▶ _WHAT IS REQUIRED_:
Although the records contain pictures, none belong in the copy: restate word for word only the lines from the one with "When I got my" through the one with "Have you been", both included.

▶ _GIVEN INFORMATION_:
==*==

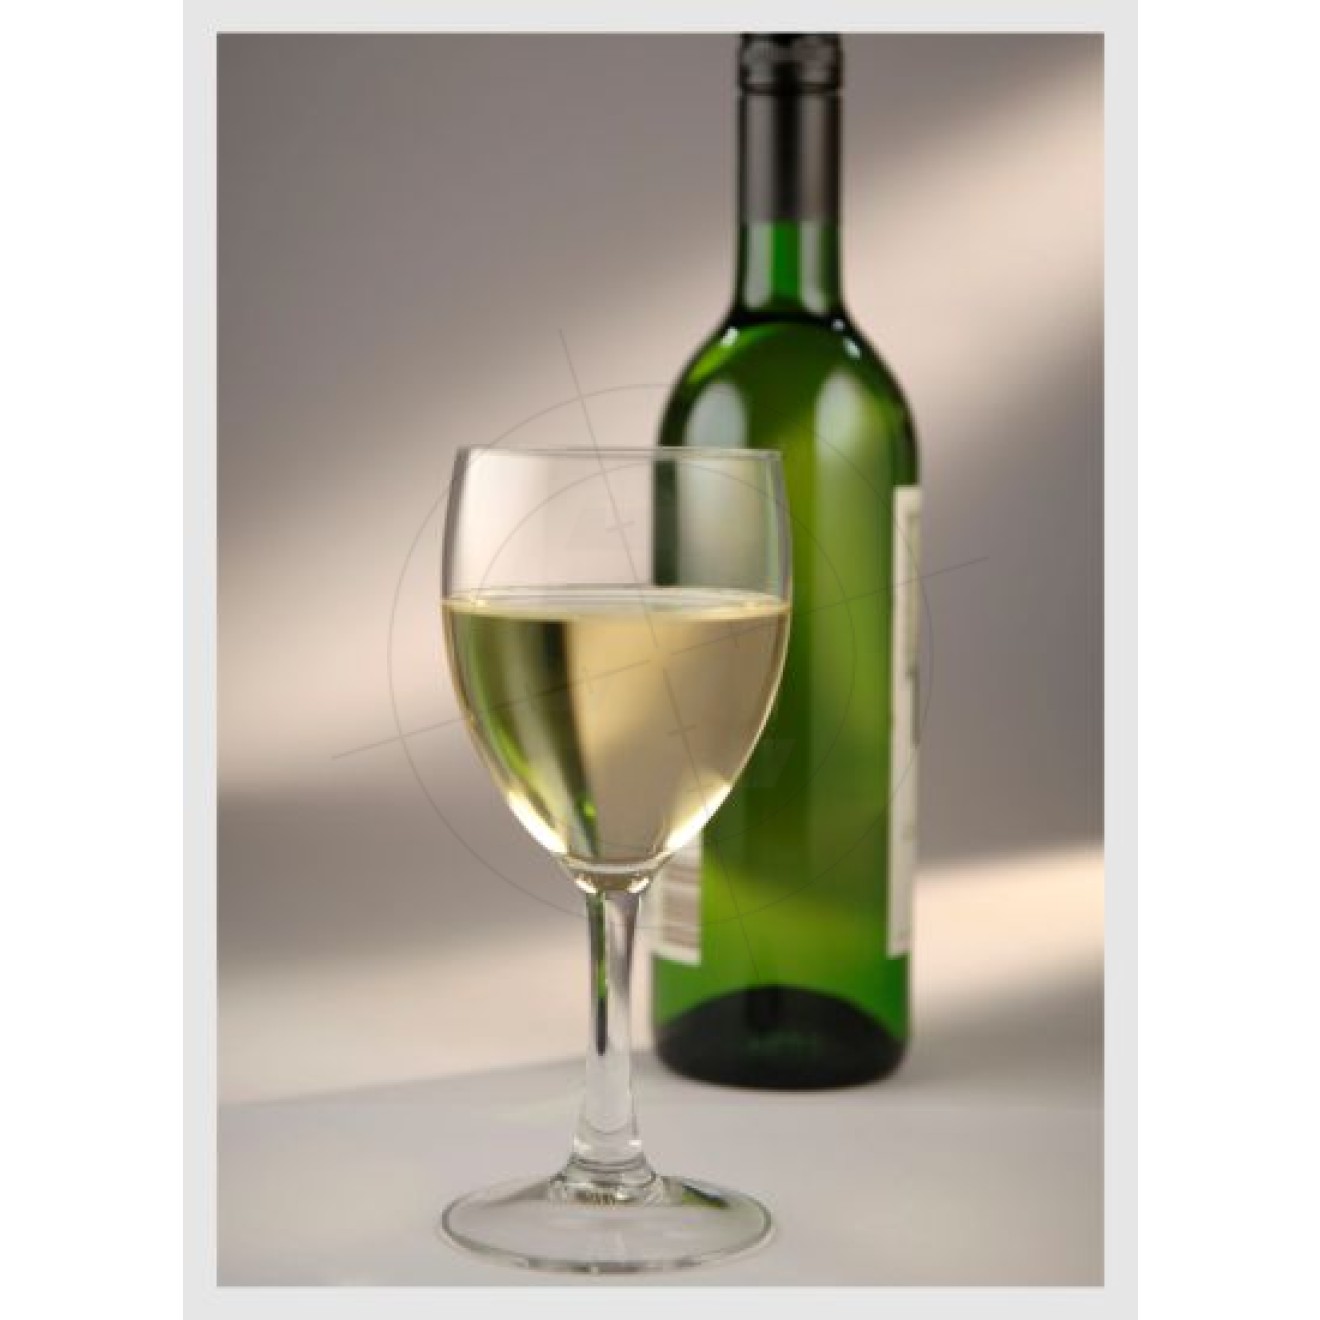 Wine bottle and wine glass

==*==

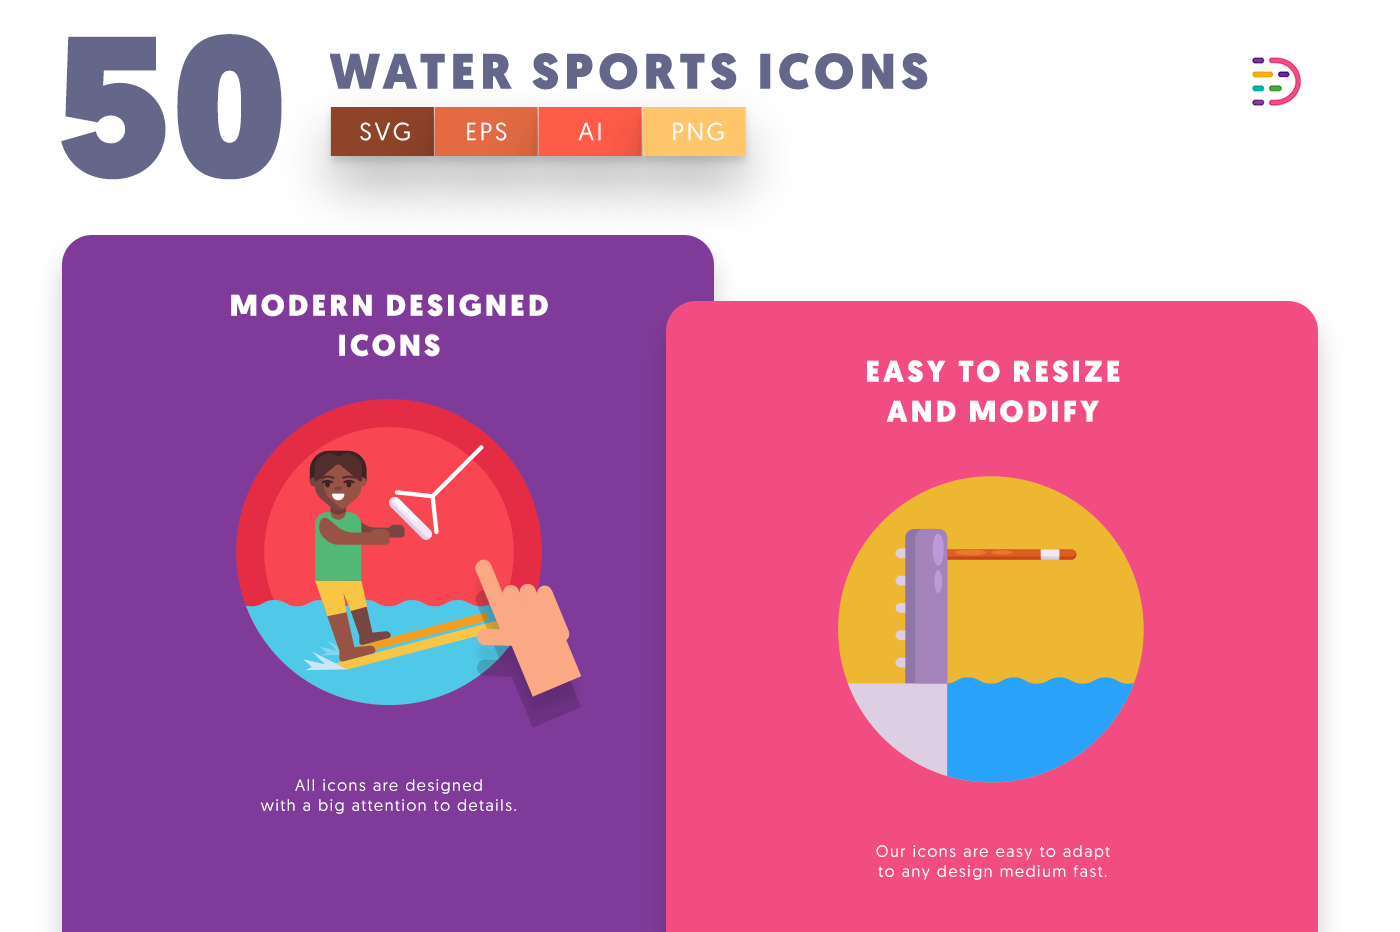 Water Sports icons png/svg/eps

==*==

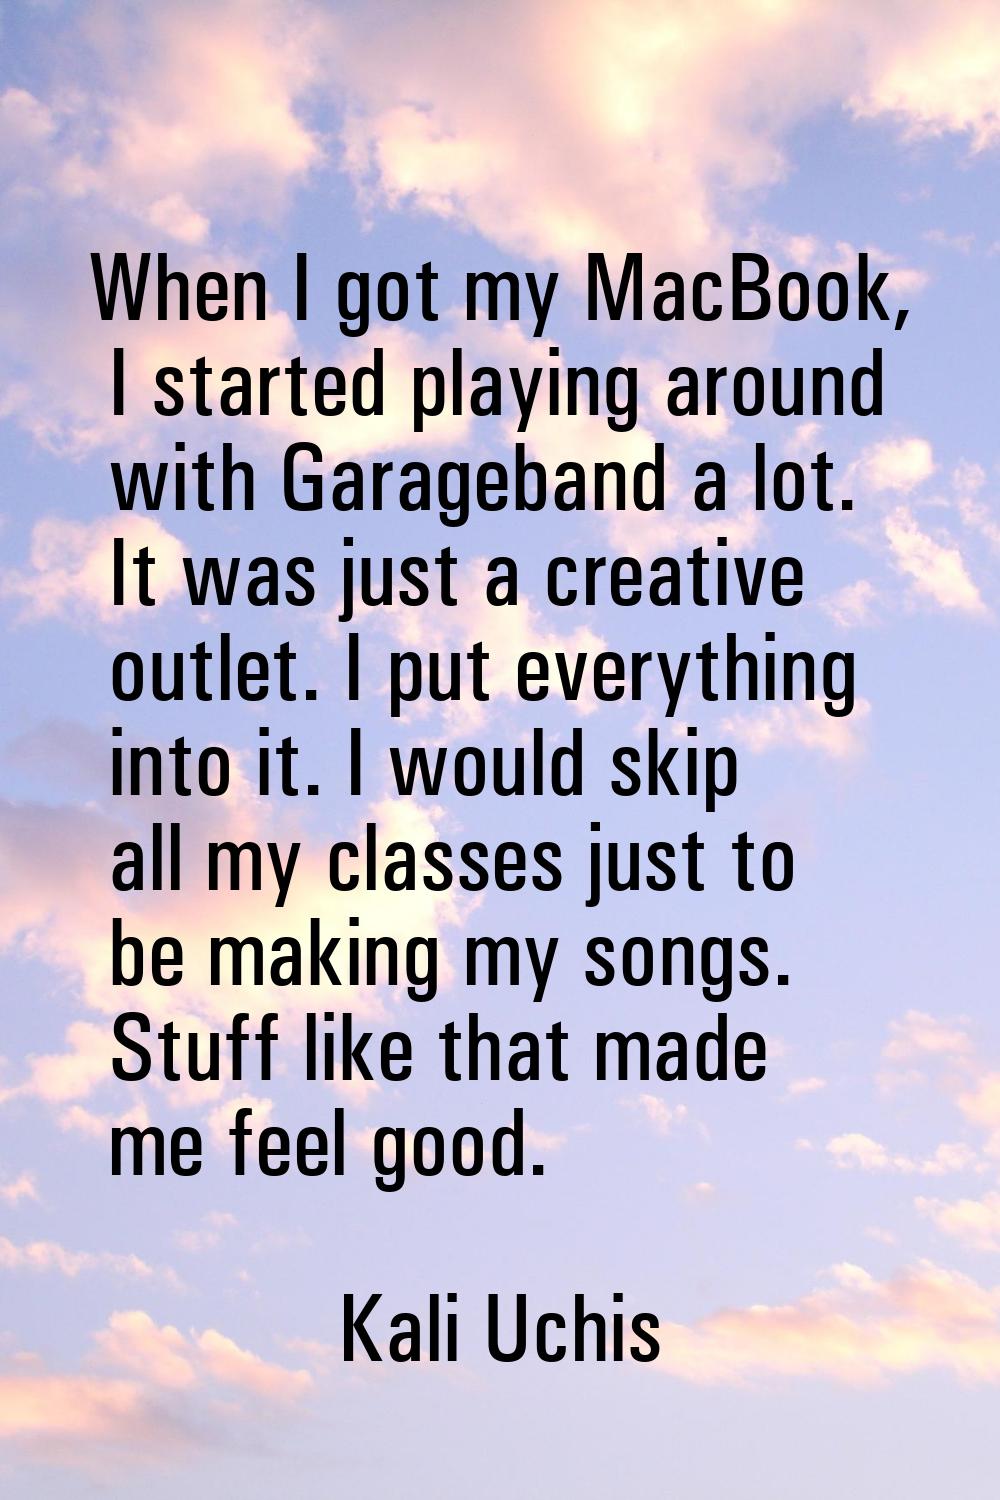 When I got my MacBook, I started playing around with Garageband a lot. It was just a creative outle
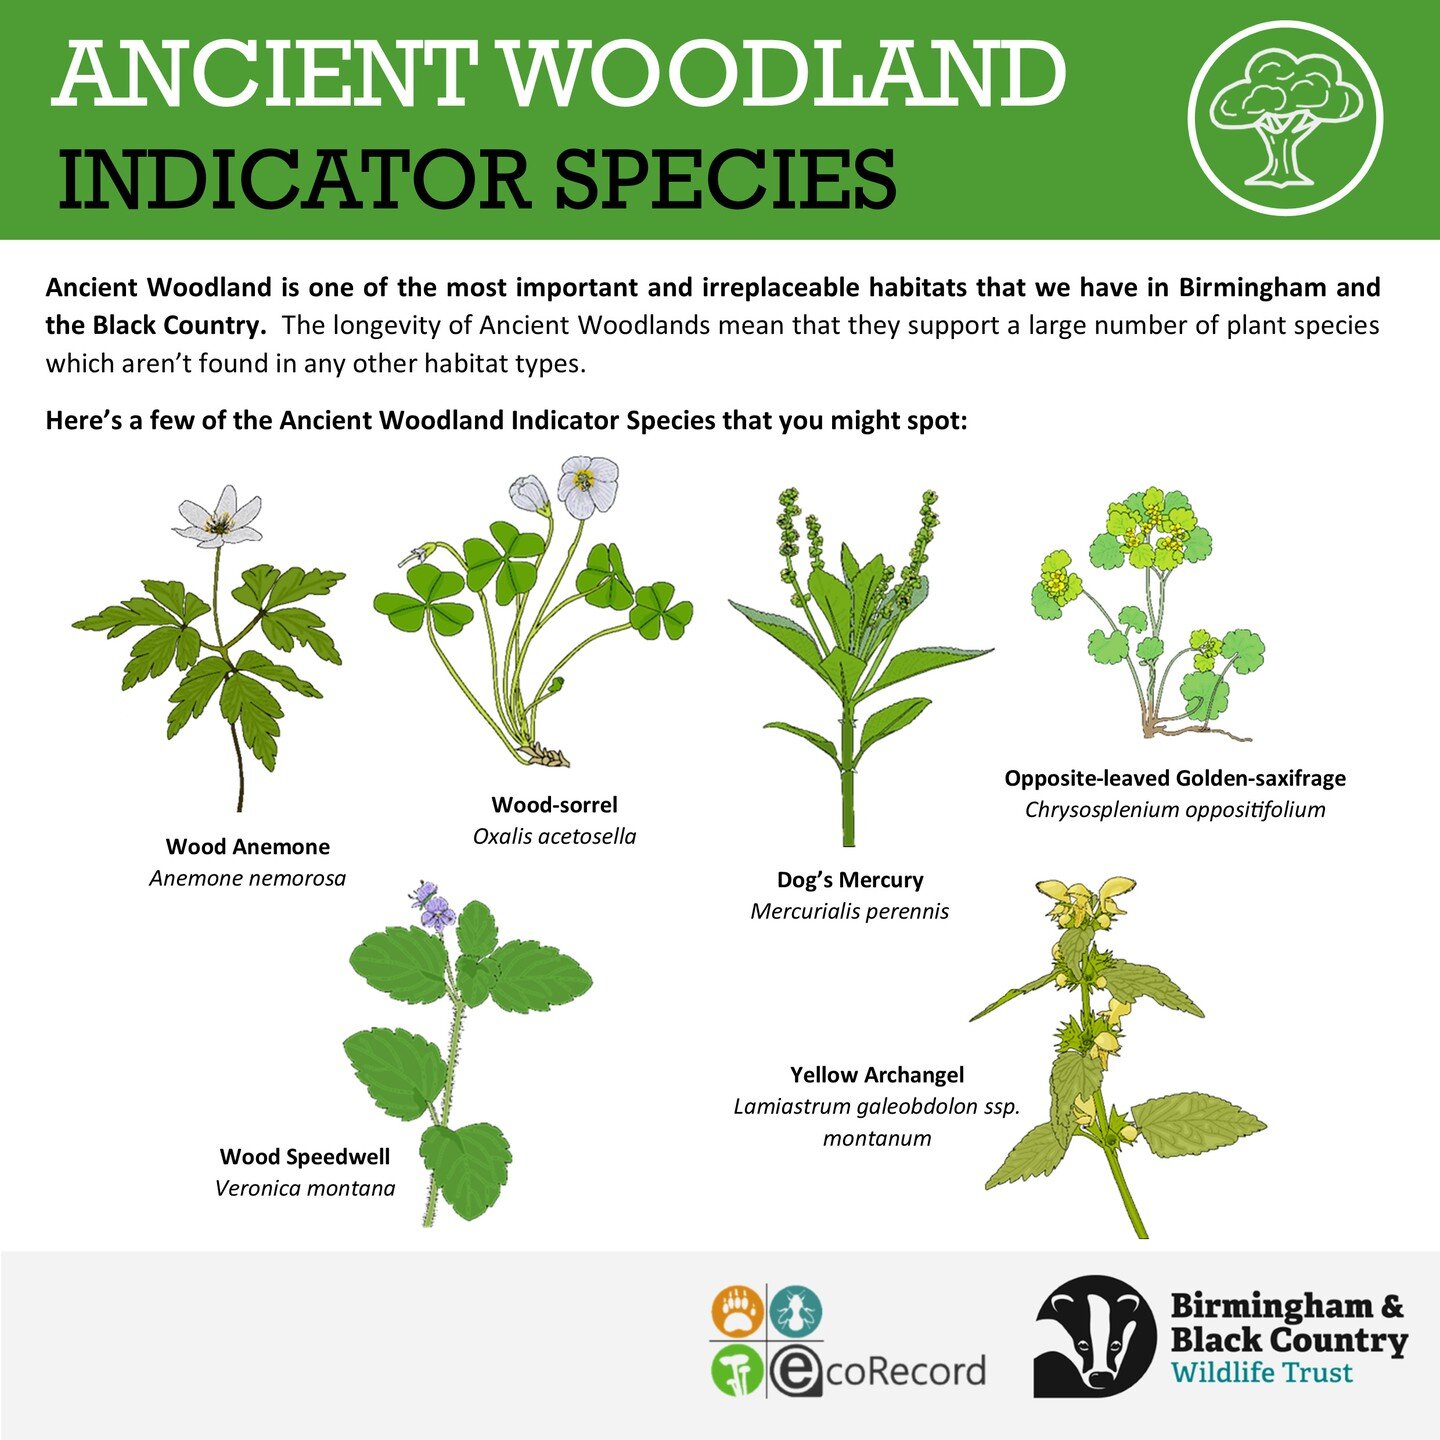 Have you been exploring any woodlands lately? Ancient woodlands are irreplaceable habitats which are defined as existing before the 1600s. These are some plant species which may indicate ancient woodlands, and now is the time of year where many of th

==*==

▶ _REPLY_:
 When I got my MacBook, I started playing around with Garageband a lot. It was just a creative outle
 Have you been exploring any woodlands lately? Ancient woodlands are irreplaceable habitats which are defined as existing before the 1600s. These are some plant species which may indicate ancient woodlands, and now is the time of year where many of th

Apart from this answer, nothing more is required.